In the record certified here by the Board, there is in that record competent probative evidence to support each of the fourteen findings made by the Board. Plaintiffs contend in this appeal that the Board's conclusion from the evidence that Ms. Plushner and Ms. Parks were in fact Associate Producers and not Production Interns was erroneous. Likewise, error is alleged in the Board's findings which are claimed to violate the so-called doctrine of "accretion" and in the existence of community of interest between the employment scope and duties of Ms. Plushner and Ms. Parks and the other members of the certified collective bargaining unit. Essentially what the plaintiffs argue and contend in their legal memorandum is that the Board viewed the evidence differently than the plaintiffs would have, and that the reasonable inferences drawn from that evidence by the Board were not the same inferences that the plaintiffs would draw from that same evidence. That disagreement is totally understandable, otherwise the appeal would not be here in this Court. One uncontroverted fact results from that disagreement. Both sides can be wrong, but both sides cannot be correct, and where as here, this Court is not permitted to substitute its judgment for that of the Board, this Court must, on the basis of the record evidence, conclude that the Board's findings are the correct ones. Admittedly, the evidence relied upon by the Board does permit contrary inferences to be drawn therefrom, but this Court is prohibited as noted earlier from drawing same. This Court also as noted earlier cannot substitute its judgment on the evidence even though it might be inclined to view that evidence differently than did the Board. Cahoone v. Board of Review,104 R.I. 503, 506 (1968). Accordingly, this Court having concluded that each of the fourteen findings of fact made by the Board can be related to competent probative evidence contained in the certified record, those findings are conclusive upon this Court's review.
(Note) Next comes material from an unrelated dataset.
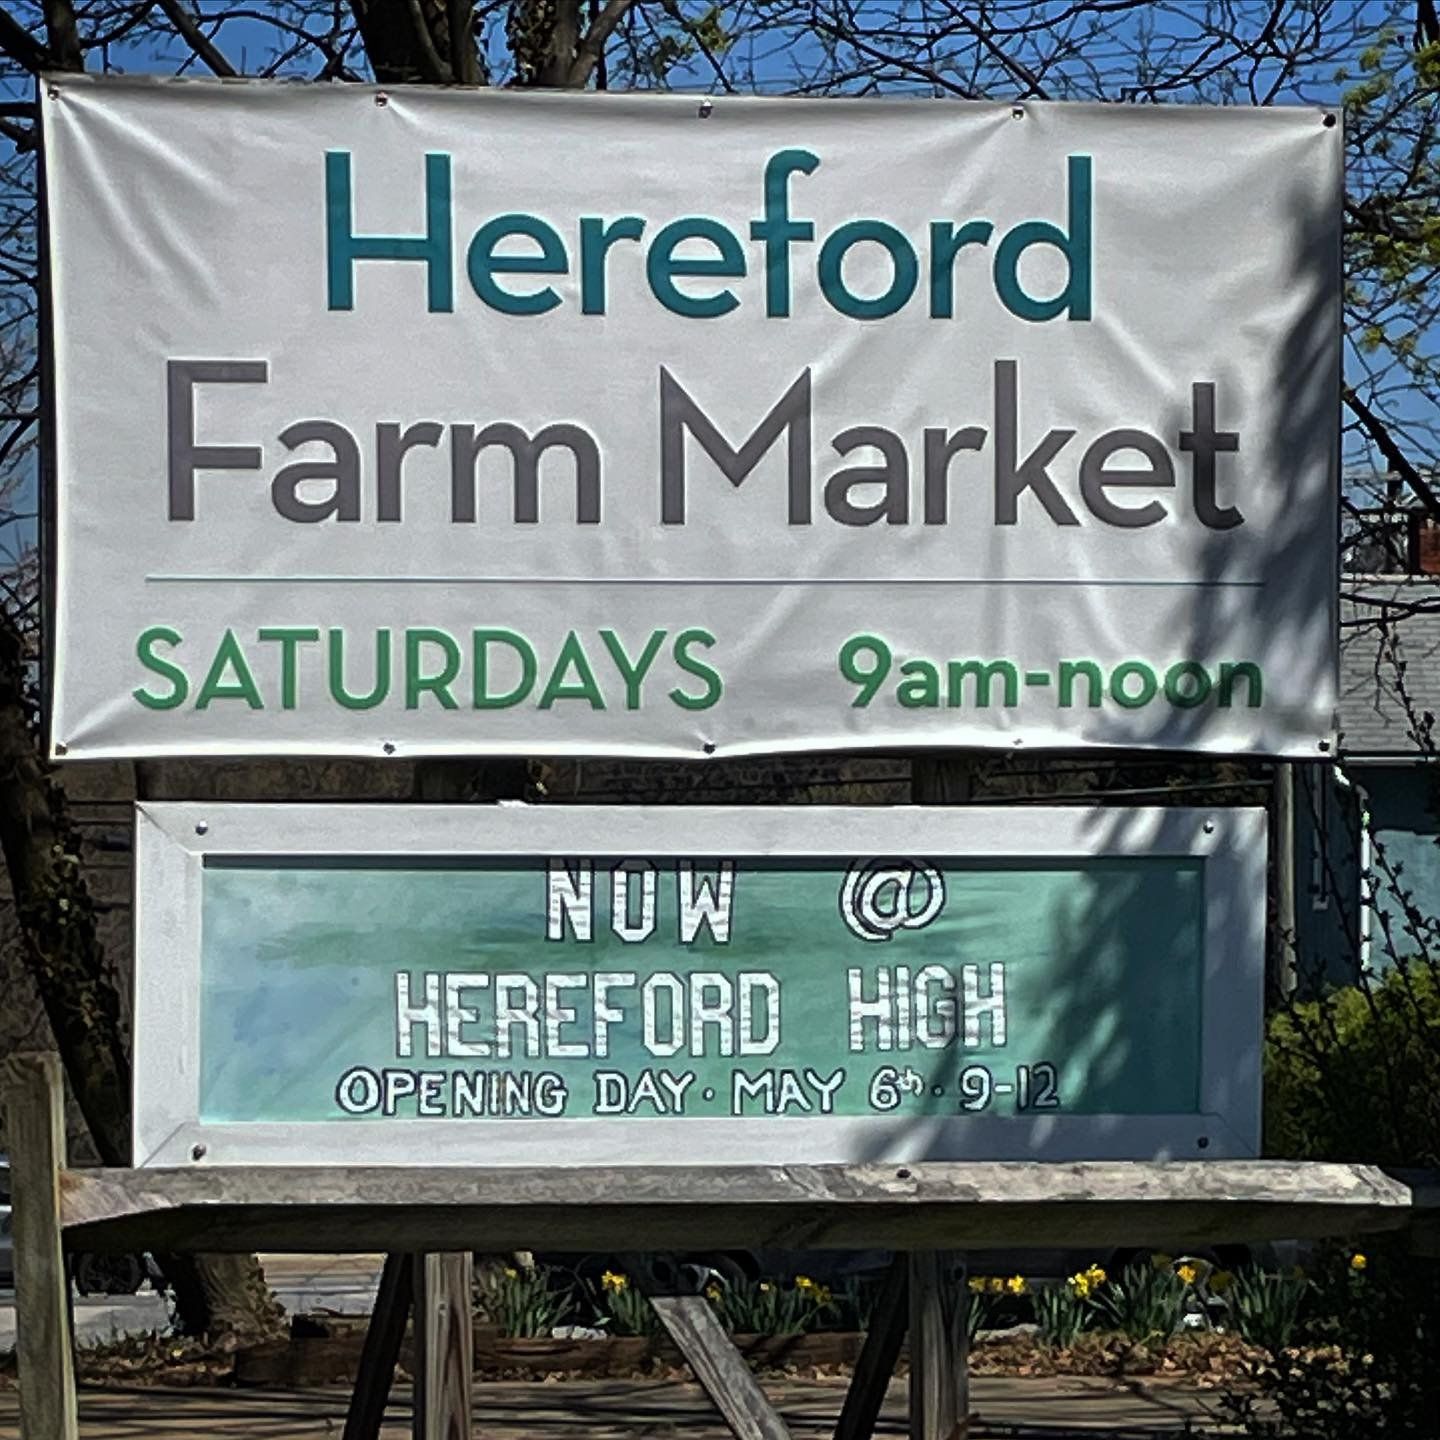 First Hereford Farmers Market and Spring Share #5!

With regard to the second area of inquiry necessitated by §42-35-15(g)(1-6), this Court finds from the certified record that no substantial rights of the plaintiffs have been prejudiced because of the Board's findings, inferences or conclusions; that the Board's decision is not in violation of any constitutional or statutory provisions; is not in excess of the statutory authority of the Board; is not made upon unlawful procedure; is not affected by any error of law; is not clearly erroneous in light of the reliable, probative and substantial evidence in the record and is neither arbitrary, capricious or characterized by any abuse or by unwarranted exercise of the Board's discretion.

The plaintiffs' appeal is accordingly denied and dismissed and the Board's decision is affirmed.

Counsel shall within ten (10) days prepare and submit an appropriate judgment for entry by the Court.